The story itself might not be about love, but the female characters are defined either by their relationships to the males or by their role in supporting/serving the menfolk.

Also, in Bambi, his mother (arguably one of the most vaunted female Disney characters) doesn't even have a name, Bambi has to 'rescue' Faline from a pack of hunting dogs and the ending is that he becomes the Prince of the forest and she is his 'wife' and the mother of his children with apparently no other responsibilities. There isn't much female empowerment to be had there either.

FunLovinBunster · 06/05/2014 13:35

The blonde one looks slutty when she does the dress thing during let it go. Plus her tits seem to balloon.
Not a great role model for young girls.

Thetallesttower · 06/05/2014 13:41

Violet I agree with you- I don't think one image in Frozen causes eating disorders, but our teens have never been so unhappy psychologically, and this low self-esteem, peer pressure, feelings of inadequacy inevitably manifest in disorders and mental poor health, such as eating disorders. The images in the media/films feed into these feelings of inadequacy for the majority of women who say they don't like their bodies.

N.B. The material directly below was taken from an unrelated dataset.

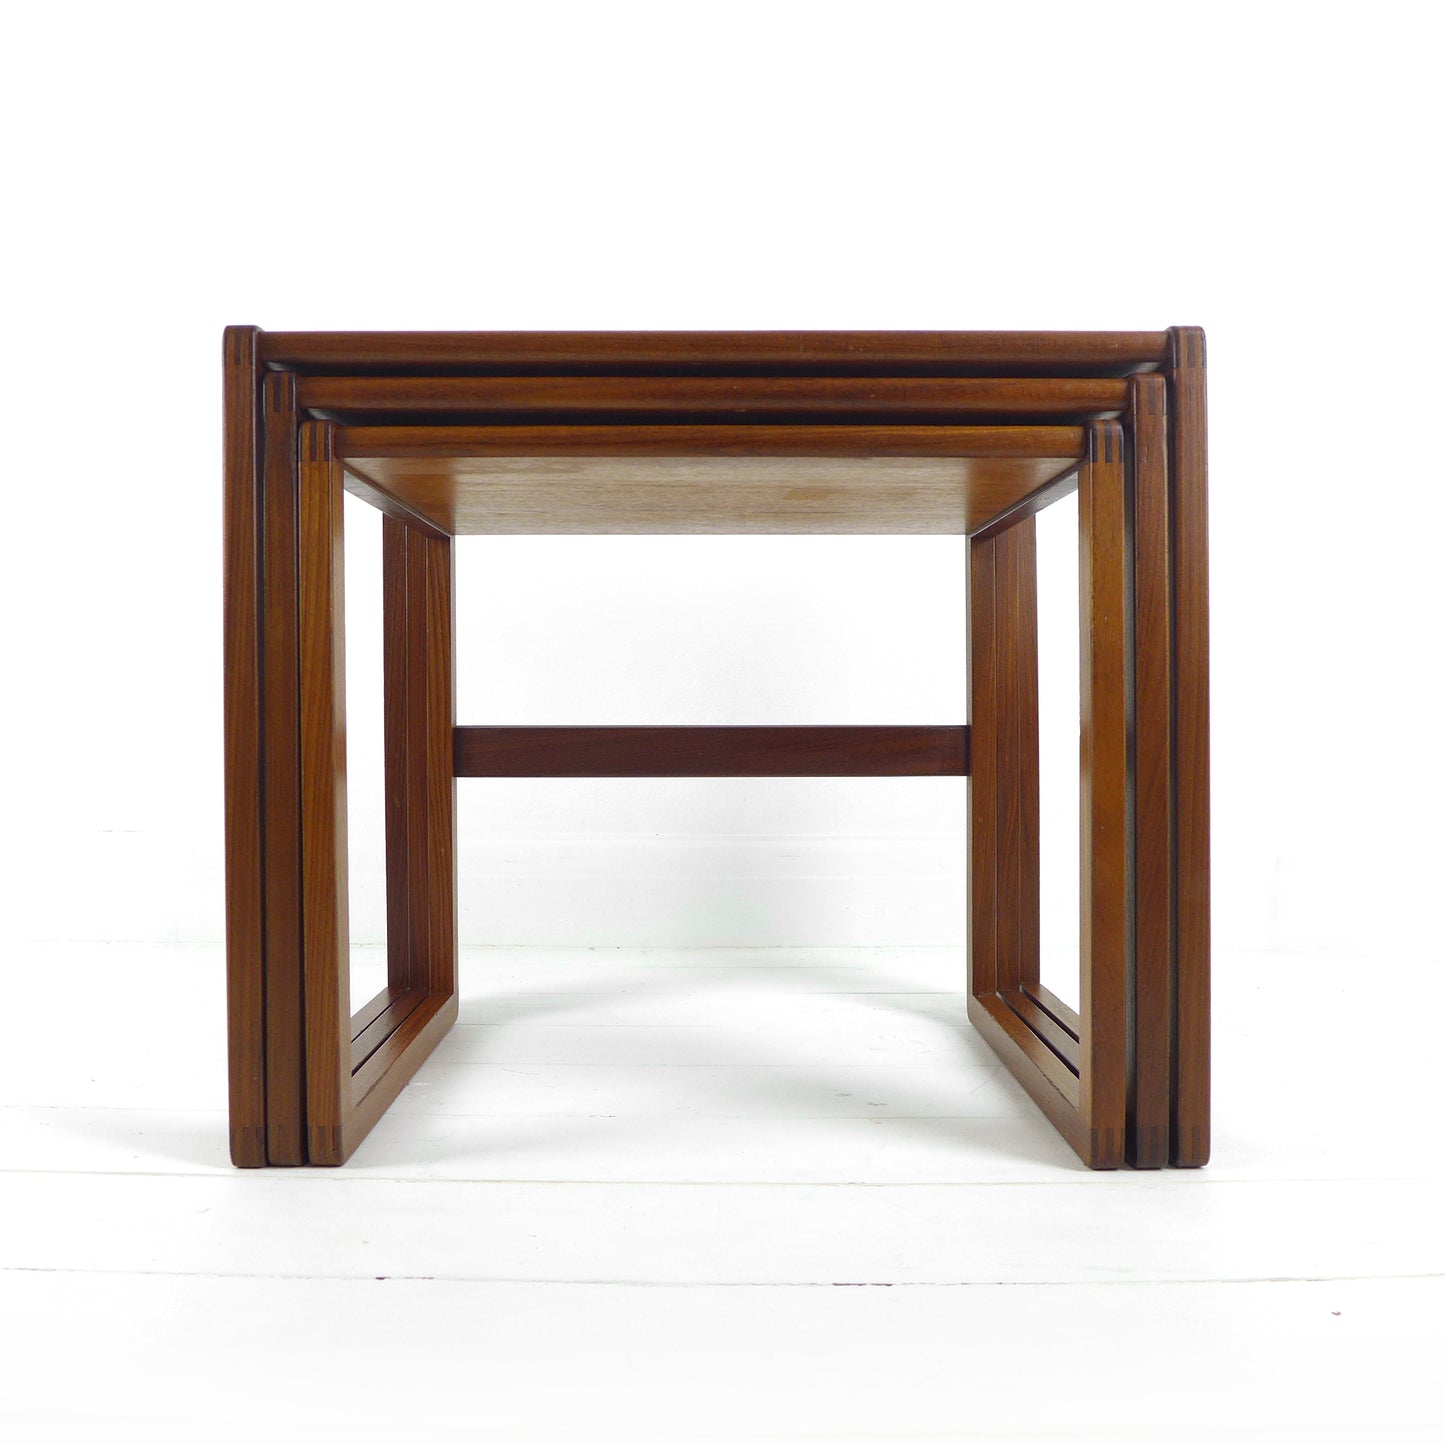 Vintage Teak G PLAN Nest of Tables - Mid Century Modern

I love all the other messages in Frozen, and Let it Go is a great song, but the shot of Elsa transforming from a stick with a green dress on to a stick with a sparkly blue one makes me cringe every time. And, me and my girls have watched it a LOT of times.

mrsbucketxx · 06/05/2014 14:01

i dont think there skinny at all very normal infact normalizing chunkyness is as bad as pro anna

i love frozen too and the sassy walk.

MrsWolowitz · 06/05/2014 14:13

This reply has been deleted

Message withdrawn at poster's request.